IT人材を増加させるには、都市部だけではなく、地方部にもITスキルが学べるスクールをはじめとした仕組みの確立が必要です。地方部でIT人材が育てば、周囲の方たちにスキルを伝えることで、さらなるIT人材の増加も期待できるほか、インフラ整備も進み、その地域へ進出する企業の増加も見込まれるでしょう。
情報を鵜呑みにせず、判断できるスキルを身につける
日常的にインターネットを利用している人でも、特定のSNSだけしか閲覧しない、TVや新聞といった別のメディアからの情報を見ないケースも考えられます。このような場合、自分にとってはプラスと思っている情報であっても、その情報は誤っている可能性もあります。また、偏った情報だけを信じてしまうということも起こりえます。
簡単に情報が発信できるということは、嘘や誤った情報も簡単に流れているということです。しかし、だからといってインターネットやSNSからの情報を遮断しては、有益な情報を得る機会を失ってしまいます。正しいかそうでないのかを理解し、情報を判断できるスキルを身につけることも、デジタルデバイドを生まない方法です。
デジタルデバイド縮小の鍵になる公立図書館
デジタルデバイドをこれ以上広げず、解消していく手段として、公共図書館の活用が期待されています。

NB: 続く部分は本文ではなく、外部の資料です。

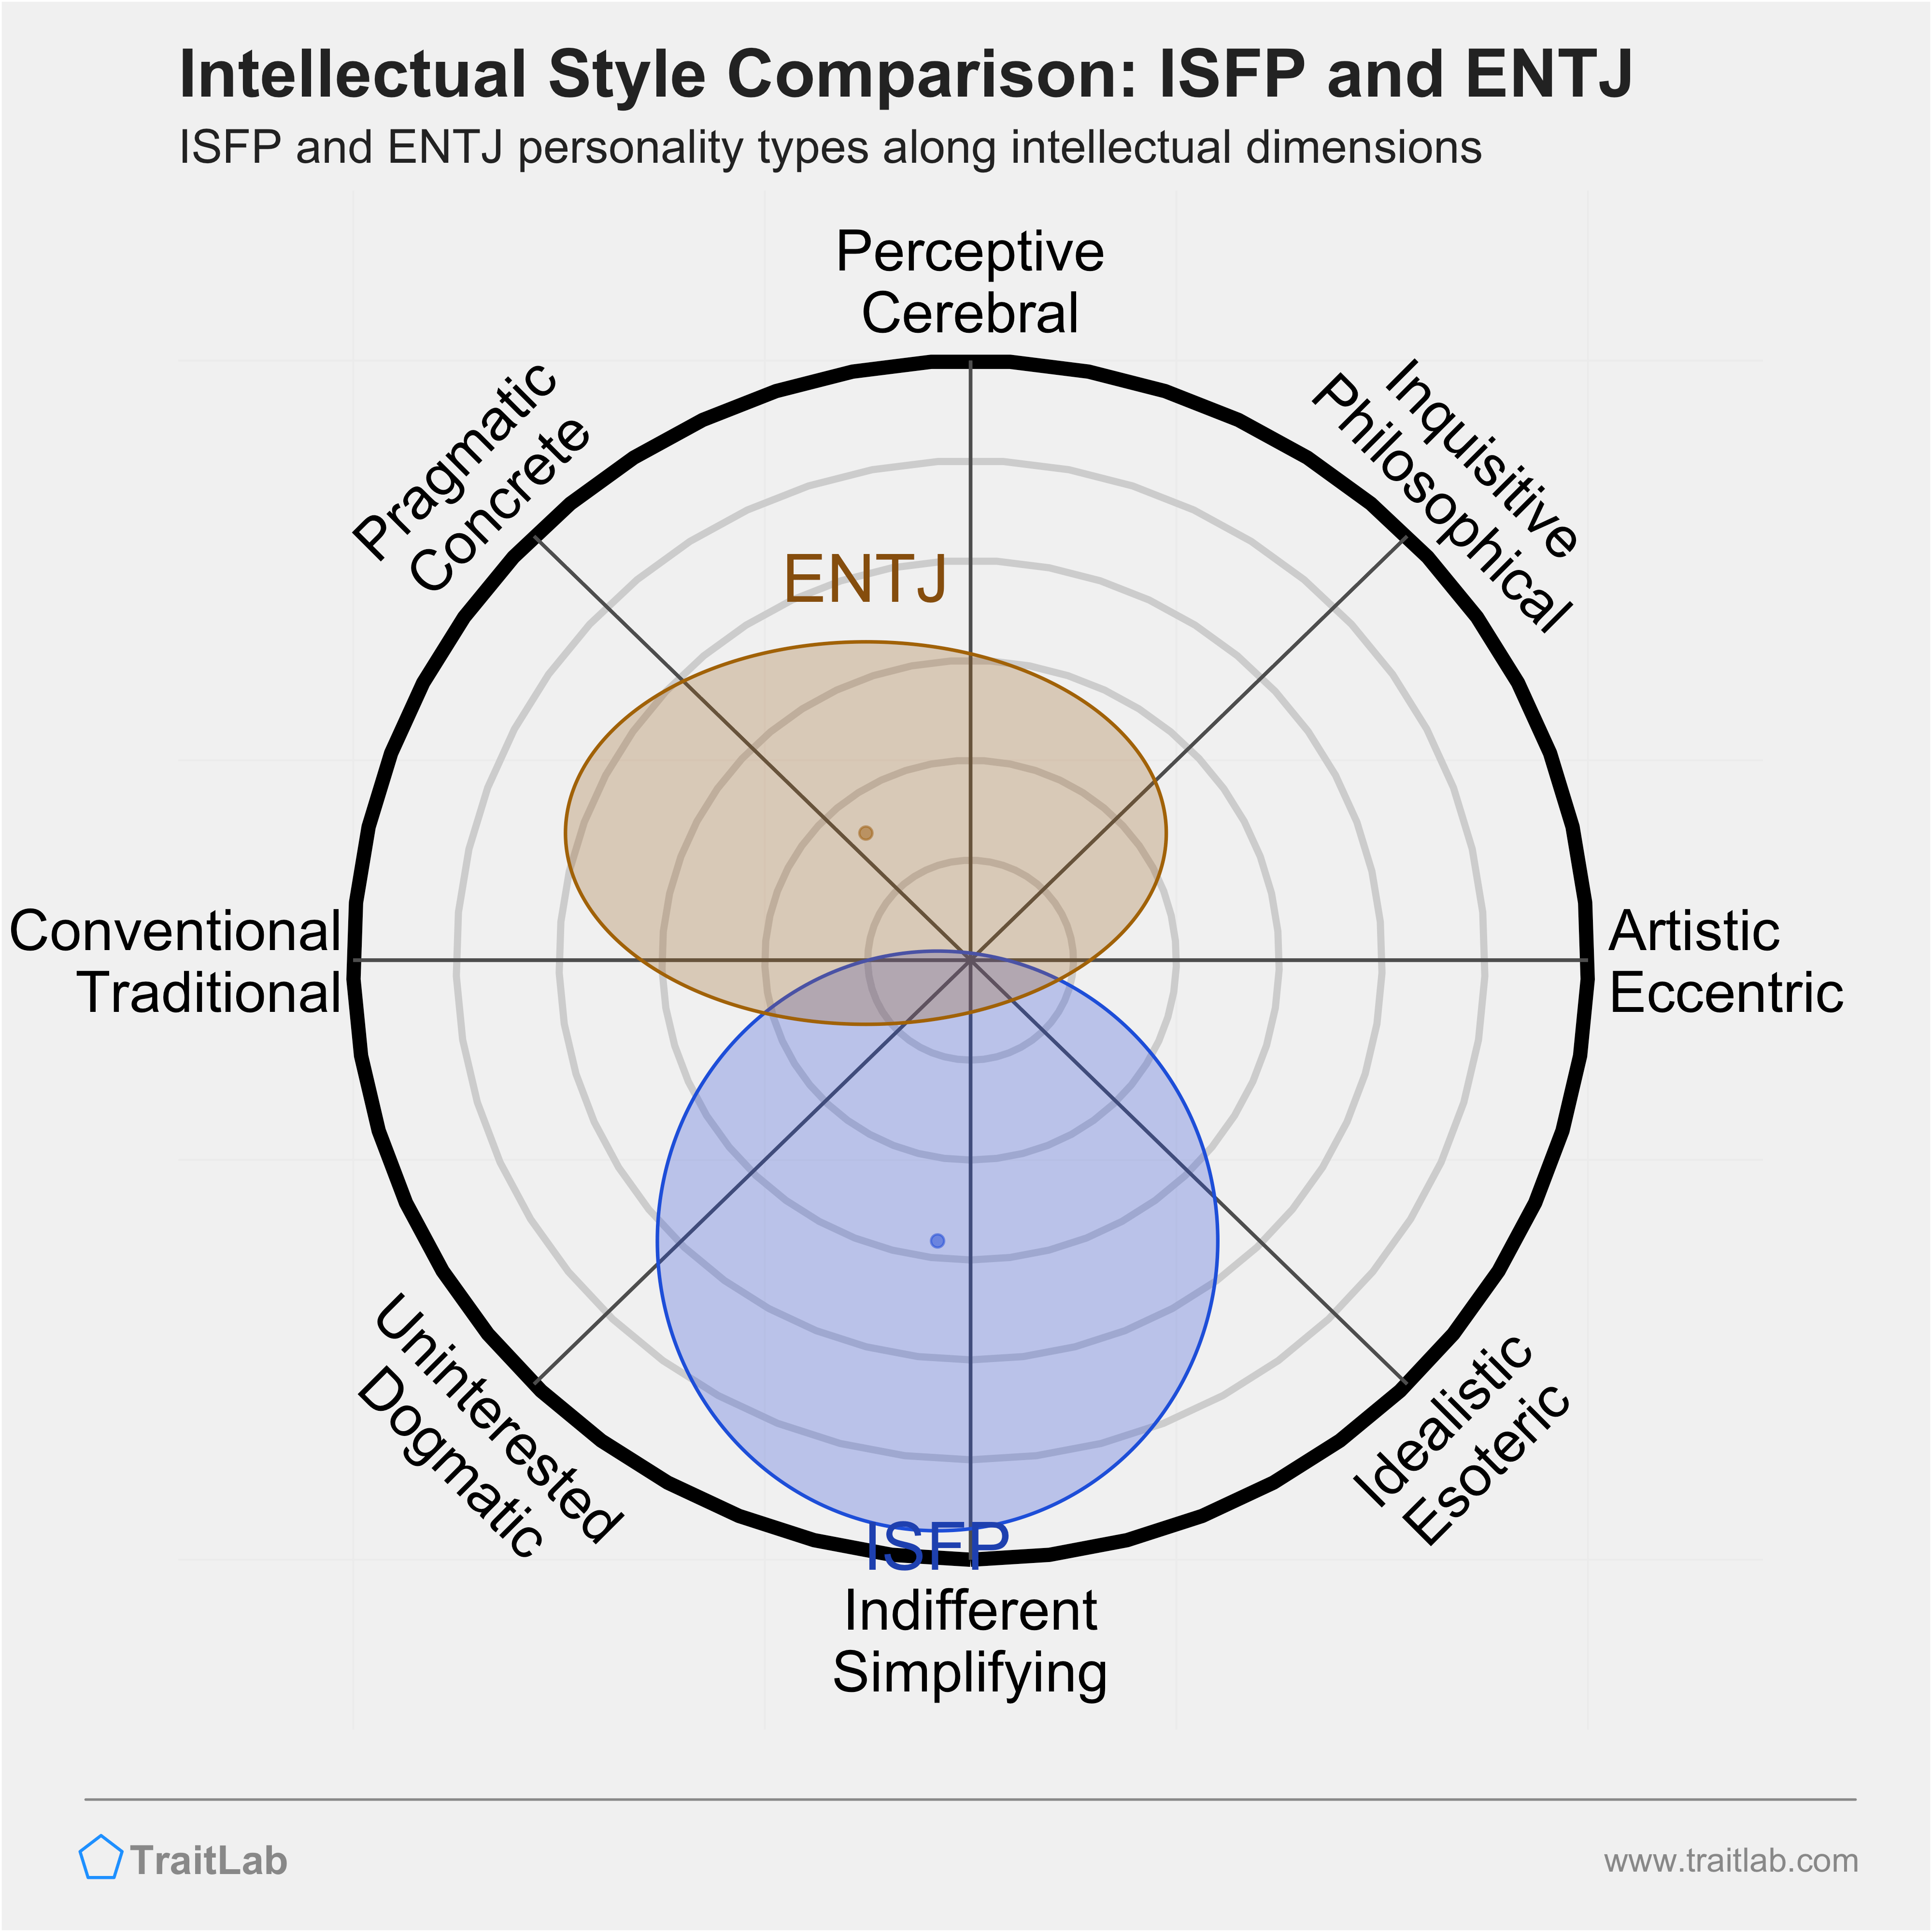 ISFP and ENTJ comparison across intellectual dimensions

実際に東京都の東久留米市では、公立図書館が情報格差を解消する役割を担おうと、図書館協議会の中で話し合いが進んでいます。令和2年度(2020年)に開催された「第2回東久留米市立図書館協議会」では、図書館におけるデジタルデバイド縮小のための方策が話し合われ、下記の通り提案が出されました。
「コロナ禍において、子どもたちのオンライン学習、テレワーク、諸申請等に際し、デジタル環境の有無がさらなる格差を生み出す可能性がある。これを少しでも解消(縮小)するために、図書館として実行可能な方策を検討することを提案したい。」
公共図書館として、無料インターネットの提供やマンツーマンのインターネット支援サービス、オンラインでの就職活動支援などを行い、問題解決に努めたいとも述べられていました。
現在は市立図書館各館の Wi-Fi 環境の増強や、学習環境の充実などを進めるだけでなく、デジタルデバイド縮小における図書館の役割を重要視した協議が継続されています。
まとめ
今回は、デジタルデバイドの概要や情報格差が誘発する問題、解決方法などについてお伝えしてきました。改めて本コラムのポイントをまとめます。
<このコラムのPOINT>
- デジタルデバイドとは、インターネットやパソコンのような情報通信技術を使える人と使えない人の間に生まれる情報格差のこと
- デジタルデバイド(情報格差)は、「個人間・集団間デジタルデバイド」、「地域間デジタルデバイド」、「国際間デジタルデバイド」の3種類に分類される
- デジタルデバイドが広がると、教育格差、就職機会の格差、災害・事件など緊急時の対応格差などが懸念される
- 所得などの理由によってIT端末を所有できず、情報格差が広がっていることから公共施設にIT端末の設置、Wi-Fi環境の整備などが期待されており、幅広い年齢の人が利用しやすい図書館は、デジタルデバイド縮小の鍵になるのではと期待されている
情報通信技術が進歩するとともに、デジタルデバイドの広がりも深刻化している今、「誰一人取り残さない」デジタル化の実現に向けて何ができるのか、企業や自治体などが積極的に取組を始めています。なかでも公立図書館がデジタルデバイドを縮小させる重要な役割として期待されています。問題解決に向けて日々協議が重ねられるなど、今後もデジタルデバイドの解決に向けた取り組みは動きが活発になるでしょう。ぜひ今後も動向を追ってみてはいかがでしょうか。